Tuesday, 18 September 2012


A strong silent type stunt driver by day and by night a gateway driver (Ryan Gosling) stars in what I would call a modern masterpiece with an elegant style of the 1980’s artistic neon elegance. A thrilling car chase film about a loner who falls in love with his neighbour Irene (Carey Mulligan). Her ex-convict husband Standard (Oscar Isaac) is in debt with the dangerous underworld Mafia. Driver offers to be a gateway driver for a heist that would pay off the debt goes horribly wrong and the Driver finds himself targeted by the Mafia. Not being able to kill the Driver and get their money back they turn to the two people he ever loved Irene and her son.

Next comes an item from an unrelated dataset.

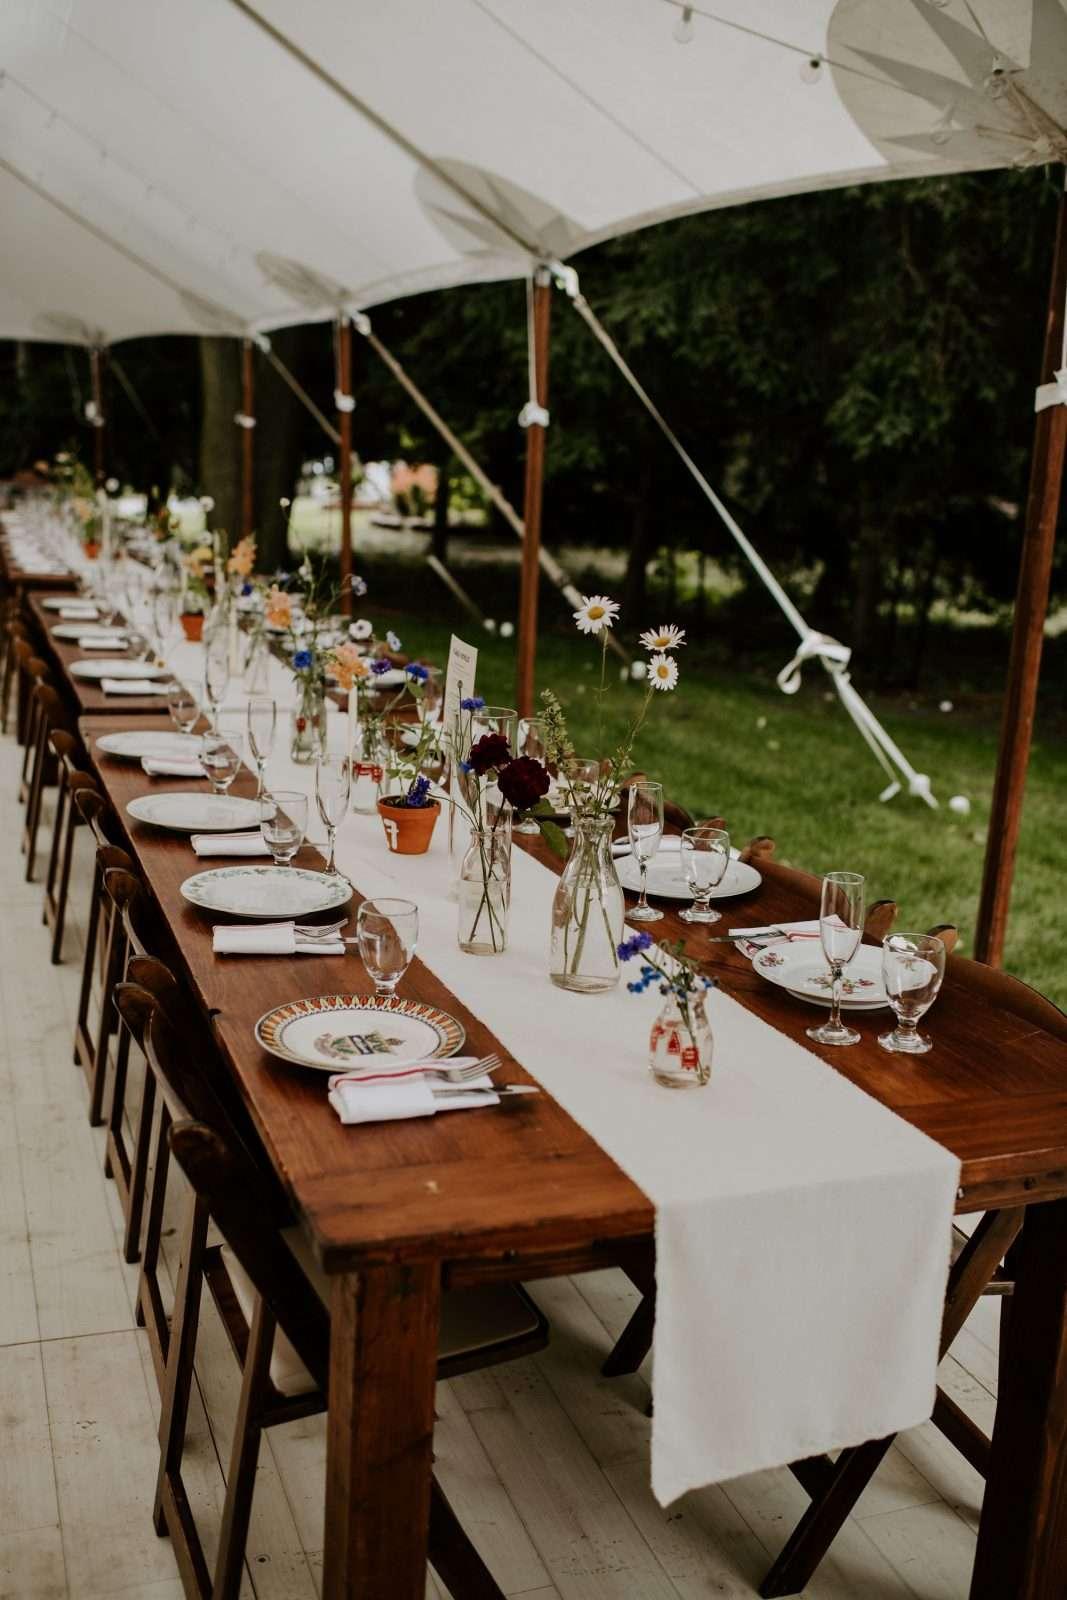 Sailcloth Farm Tables Bistro Lighting Mccarthy Tents

Personally I see Drive as a film that has barely any dialog and that the entire film is driven by beautifully shot sequence, breath taking cinematography and the elegant 80’s style. What made Drive really stand out for me most was the line between Romance and Violence.  The elevator scene is a sequence where there is no dialog and only emotions is used to reflect the imagery on the screen. When one of Mafia hit-man walks into the elevator the Driver gently pushes Irene back and kisses her. Here we see one side of the Driver as a white knight and shining armour hero but within the same sequence we see a psychotic killer who smashes the hit-man’s skull in, a side that Irene has never seen before. This reminds the viewers that the Driver has a murderous rage and is not afraid to embrace it. This elevator sequence is very defining character moment in sense that we see the romantic side of the Driver kissing Irene for the first and last time and straight away we see him become a monster crushing the Hit-man’s face. This entire sequence is done with no dialog and just movement and what makes it so beautiful is that all emotions shown through movement; caring when he gently pushes Irene back, love when he kisses her and rage when he kills the Hit-man. Though Drive is set in a present day LA the film’s atmosphere is heavily influenced in a 1980’s style. Drive very much has a neo noir nostalgic 80’s elegance to it; with its neon bright pink opening credits that looks similar to Roger Donaldson 1988 Cocktails or Paul Brickman’s 1983 Risky Business. The soundtrack also is a reminder of a 80’s electronic pop with synthesizer tones.

What makes Drive one of my favourite films of 2011, it’s vastly influenced by the genre’s and style that it portrays on the screen and that it stays loyal to its genre. The violence in Drive is very unexpectedly gory and graphic which makes Drive such a brilliant crime and drama film. With scenes like the elevator sequence, car chase or the stabbing scenes it can seem like an action film but it’s not. The genre being a; car chase, crime and drama film with a 80’s style, Drive really does pay tribute the car chase genre with scenes like the opening police chase and the heist scene that goes wrong. The crime and drama is what sets the film and to me that is only the foundations of the film. To get deeper into the crime and drama genre we have to look at the violence and the surprising realistic gore we are subjected to.  To me Drive is a realistic outlook of the dark impulse of murder. The scene when Shannon (Bryon Cranston) gets his wrist cut open and blood starts gushing out is very simple and realistically view of how easy it is to kill someone.